Retail gold in Indonesia traditionally serves as an inflation and currency hedge, especially when volatility in the rupiah or CPI expectations rise. However, the recent drop in gram prices has shifted household allocation away from bullion. Industry data for Q3 2025 show a 4% contraction in retail gold sales volumes, while flows into time deposits, unit-linked insurance, and listed equities expanded. For the financial sector, this adjustment supports domestic liquidity and lowers the risk of sudden bullion import surges that could widen the current account deficit. Indonesia posted a preliminary current account surplus of 1.1% of GDP in Q3 2025, helped by reduced gold import demand and strong non-oil-and-gas export receipts.

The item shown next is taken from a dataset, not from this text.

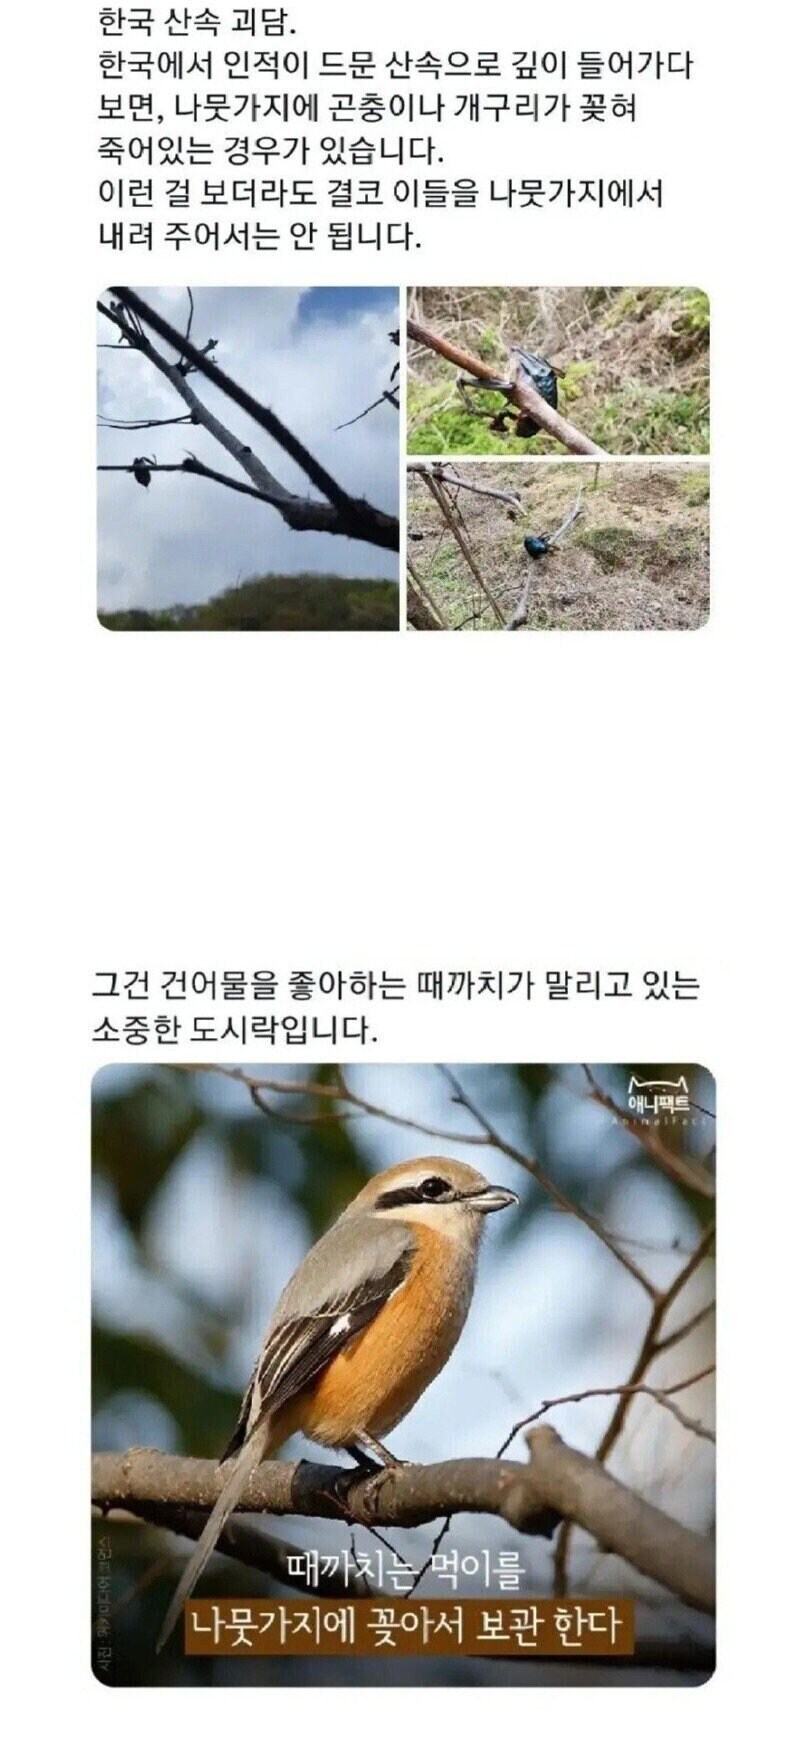 nokbeon.net-산속에서 나무에 꽂힌 동물시체를 조심해야하는 이유-1번 이미지

From a market structure perspective, the decline in local gold prices coincided with relatively stable Indonesian sovereign yields—10-year government bonds traded at 6.8% in October 2025. This stability, in combination with rupiah appreciation and subdued inflation, has compressed risk premia and sustained investor appetite for rupiah-denominated assets. For global investors, these signals were visible in the iShares MSCI Indonesia ETF (EIDO), which attracted net inflows during the month, and in the relative underperformance of the VanEck Gold Miners ETF (GDX), reflecting a rotation from defensive commodity hedges to productive domestic assets. These trends align Indonesia with other emerging markets experiencing similar shifts in the wake of currency stabilization and real yield resilience.

Looking ahead, risks remain quantifiable and time-bound. A reversal in the rupiah—if it depreciates past 16,200 per USD—or a sharp rally in global gold prices above $2,200 per ounce would likely reignite retail hedging demand and push gram prices back above IDR 2,750,000. Historical sensitivity analysis suggests a 1% IDR depreciation can result in a 0.8% increase in local gold prices within a week. On the upside, if the rupiah remains firm, CPI stays below 3%, and the current account maintains a surplus, gold demand is likely to stagnate or contract, freeing up domestic savings for capital market expansion and supporting local asset valuations.

For market participants, indicators to monitor through Q1 2026 include the 24K gram price (targeting below IDR 2,600,000), USD/IDR exchange (maintaining above 15,800), 10-year bond yields (anchored below 7%), and current account balances (surplus >1% of GDP). These markers will confirm whether Indonesia’s household asset allocation continues its pivot from gold to financial instruments.